391 F. Supp. 656, 35 A.F.T.R.2d (RIA) 899, 1975 U.S. Dist. LEXIS 13618
CourtDistrict Court, N.D. Georgia
DecidedFebruary 26, 1975
DocketCiv. A. 17892
StatusPublished
Cited by3 cases

This text of 391 F. Supp. 656 (Laird v. United States) is published on Counsel Stack Legal Research, covering District Court, N.D. Georgia primary law. Counsel Stack provides free access to over 12 million legal documents including statutes, case law, regulations, and constitutions.

Bluebook
Laird v. United States, 391 F. Supp. 656, 35 A.F.T.R.2d (RIA) 899, 1975 U.S. Dist. LEXIS 13618 (N.D. Ga. 1975).

Opinion

STATEMENT OF THE CASE

HOOPER, Senior District Judge.

Plaintiff taxpayers brought suit against the United States to recover income taxes (and interest thereon) assessed against and collected from them with reference to the tax years 1967 and 1968.

Plaintiffs’ right to the refund sought in this ease depends upon the resolution of several novel and complex issues concerning the validity of income tax deductions claimed by The Five Smiths, Inc., 1 a Georgia corporation whose primary purpose and principal business was the ownership and operation of the Atlanta Falcons, a professional football team which was a member of the National Football League. 2

I. PROCEDURAL POSTURE OF THE ACTION

During the years in question, plaintiff E. Cody Laird, Jr., 3 was a stockholder of Five Smiths. For its taxable years ending January 31, 1967 and January 31, 1968, Five Smiths elected to be taxed as a “Sub-chapter S Corporation” pursuant to Title 26 U.S.C. §§ 1371-1379, and the corporation’s tax consequences were passed through to the stockholders.

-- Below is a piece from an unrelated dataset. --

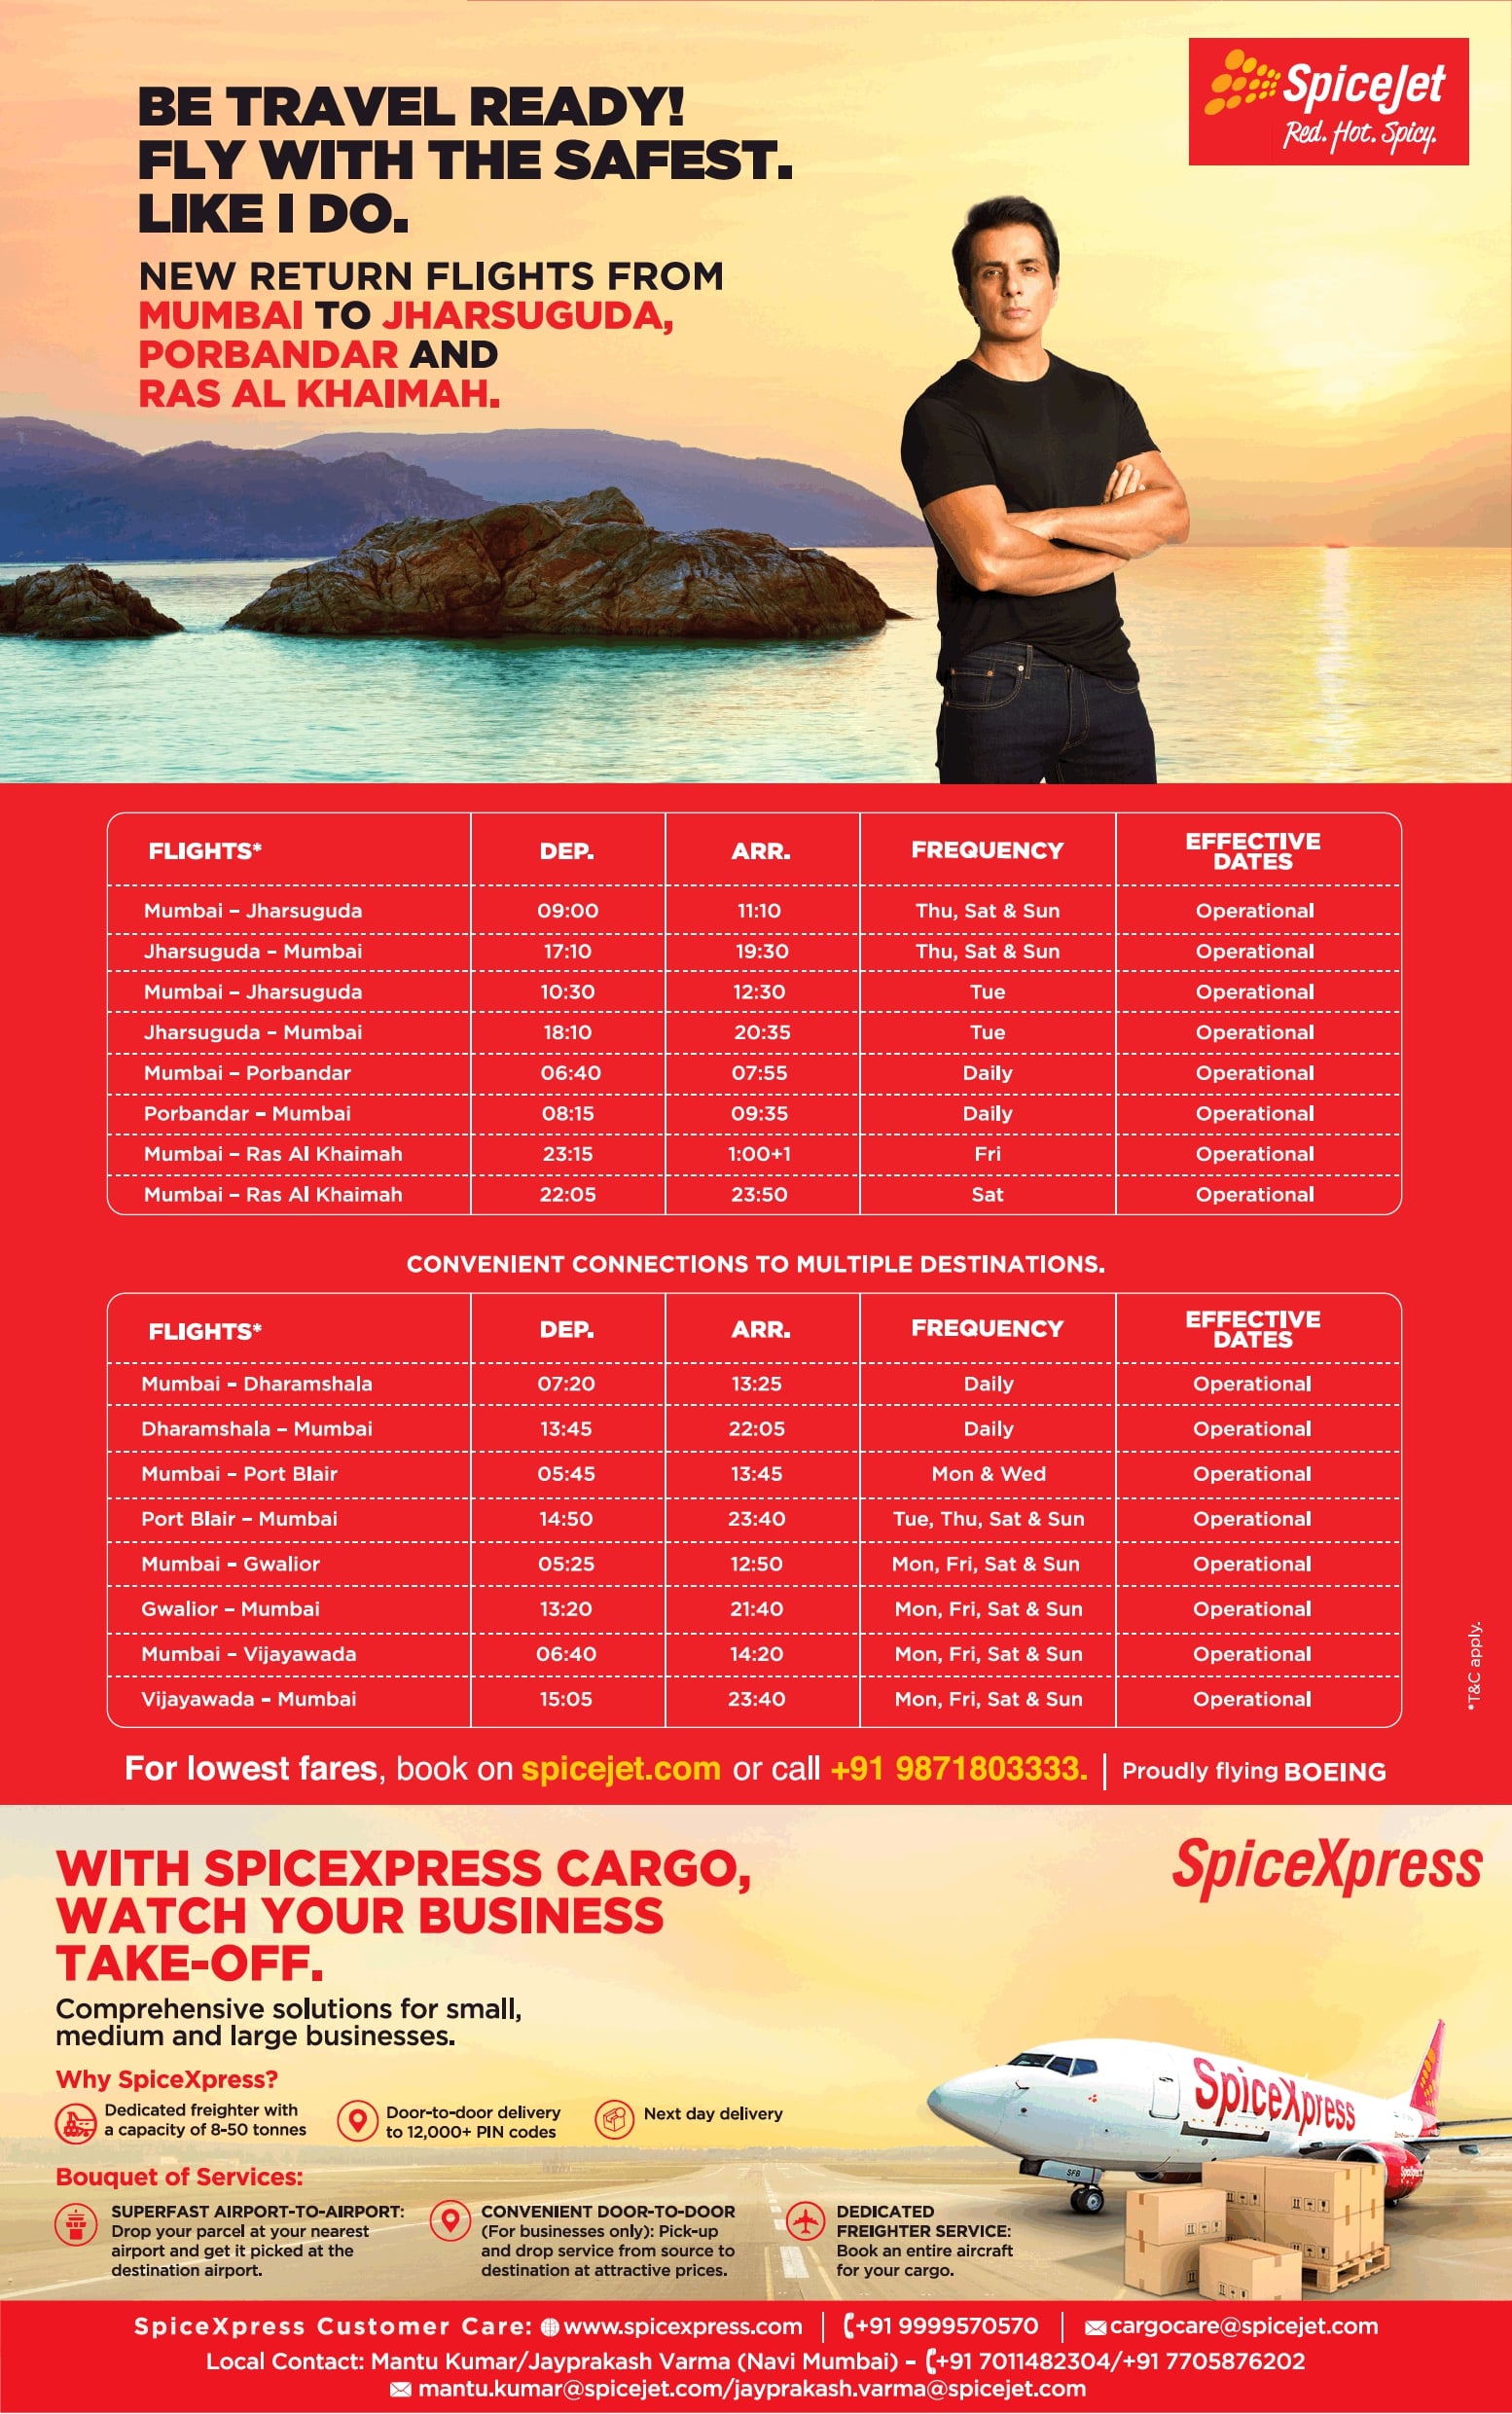 spicejet-spiceexprtess-cargo-be-travel-ready-ad-times-of-india-mumbai-04-02-2021

Five Smiths reported losses of $506,-329.00 in 1967 and $581,047.00 in 1968, and plaintiffs, in turn, reported on their tax returns their proportionate share of the losses of the corporation in the amount of $30,380.00 in 1967 and $34,-638.00 in 1968. Subsequently, the Internal Revenue Service audited the tax returns of Five Smiths and disallowed certain deductions which resulted in the determination that the corporation realized taxable income in the amounts of $544,404.00 in 1967 and $641,692.00 in 1968, rather than the losses originally reported. The IRS thereafter also audited plaintiffs’ returns for 1967 and 1968, disallowed deductions of their proportionate share of the corporation’s claimed losses, and included in gross income plaintiff’s share of the corporation’s taxable income. Plaintiff paid the assessments, submitted a claim for a refund, and after its disallowance, filed the instant suit seeking judgment against defendant in the amount of $48,-218.99, plus interest and costs.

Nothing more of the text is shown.